Ich hatte meinen Platz da, wo die Haspelgasse in die Hauptstraße mündet, und konnte von meinem Standort sowohl die Straße gegen das Rathaus zu als auch das Turmpförtlein im Auge behalten.
Am neun Uhr fing die Armesünderglocke zu läuten an. Die zusammen geredet hatten, brachen das Gespräch ab. Die Glocke klang fest und sicher wie sonst. Aller Augen waren nach der Richtung gewandt, von wo der Zug erwartet wurde.
Etwa eine Viertelstunde mochte es geläutet haben. Da hörte man ein Geflüster Heranrauschen: ›Er kommt!‹ Ich beugte mich vor und sah den Meister Hans, der langsam dem Zuge voranschritt. Er war im scharlachroten Wams und hatte das Rad, mit dem meinem armen Gesellen die Glieder gebrochen werden sollten, über die Schulter gelegt. Hinter ihm fuhr der Karren, von zwei schwarzen Rossen gezogen. Zwei Knechte, von denen einer das Gespann lenkte, saßen nach vorn. Sonst konnte ich nichts sehen. Langsam kam der Zug näher. Der Henker hatte die Kirche erreicht. Jetzt hörte es zu läuten auf. Gleich darauf faßte jemand von hinten meine Hand. Es war Kunigunde. Sie hatte ein Tuch um den Kopf geworfen, so daß ihr Gesicht fast verhüllt war, und ihre Hände waren im Kleid verborgen.
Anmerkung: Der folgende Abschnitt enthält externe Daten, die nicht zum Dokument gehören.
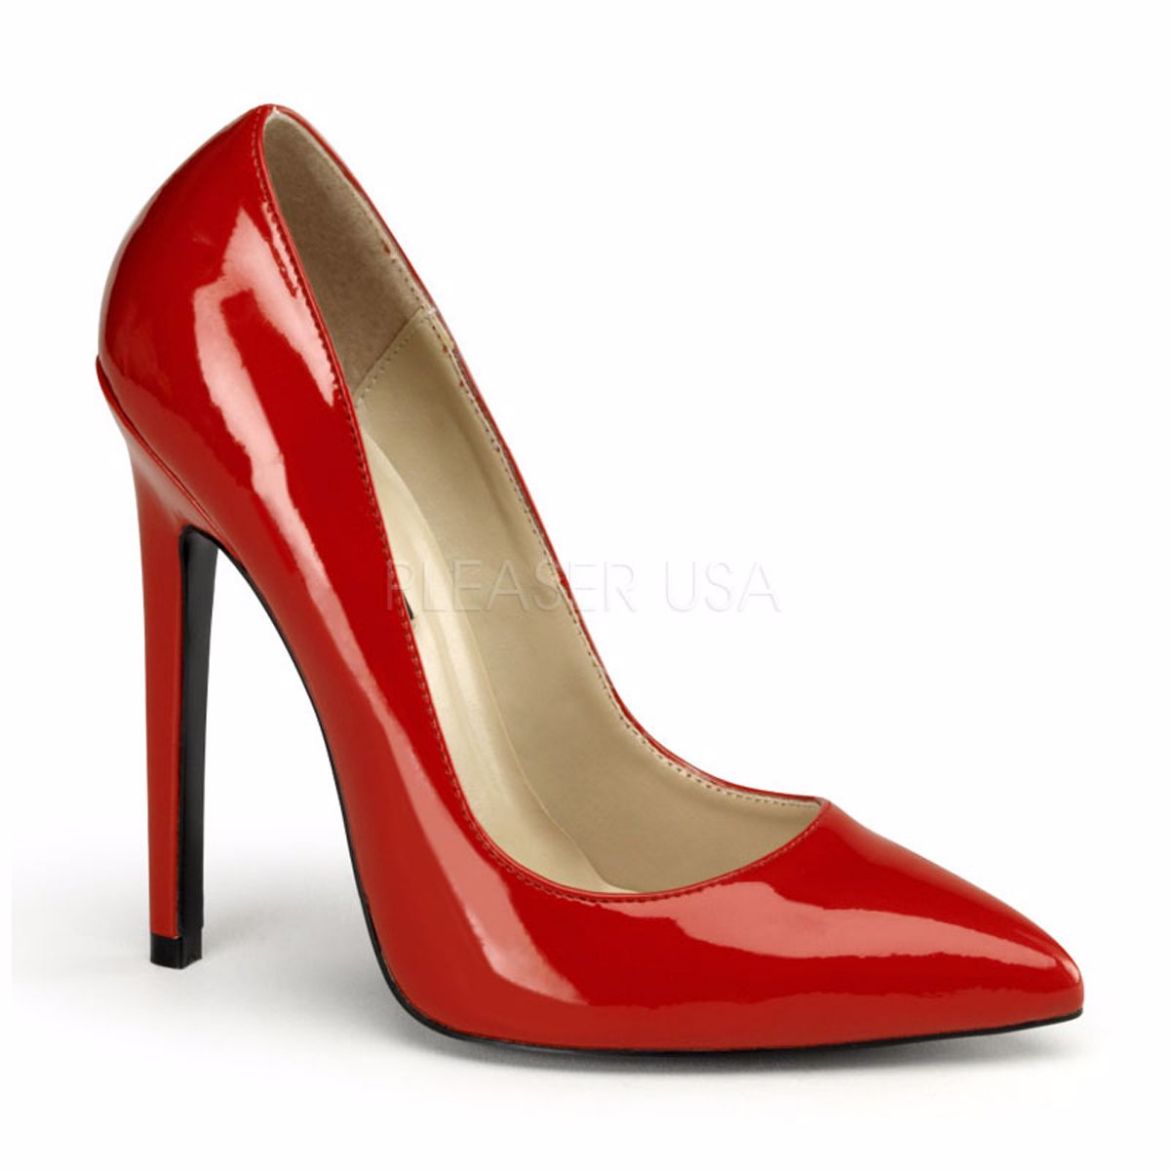 Product image of Pleaser Sexy-20 Red Patent, 5 inch (12.7 cm) Heel Court Pump Shoes

›Weiter vor!‹ flüsterte sie.
Wir drängten uns leise durch. Niemand wehrte uns. Wir standen in der vordersten Reihe.
Und jetzt fuhr der Karren langsam heran und an uns vorbei. Valentin saß auf dem zweiten Brett, nach hinten gewandt. Der Oberkörper war nackt, die Augen waren verbunden, die Hände auf dem Rücken gefesselt. Arme und Beine mit Seilen an den Karren geschnürt.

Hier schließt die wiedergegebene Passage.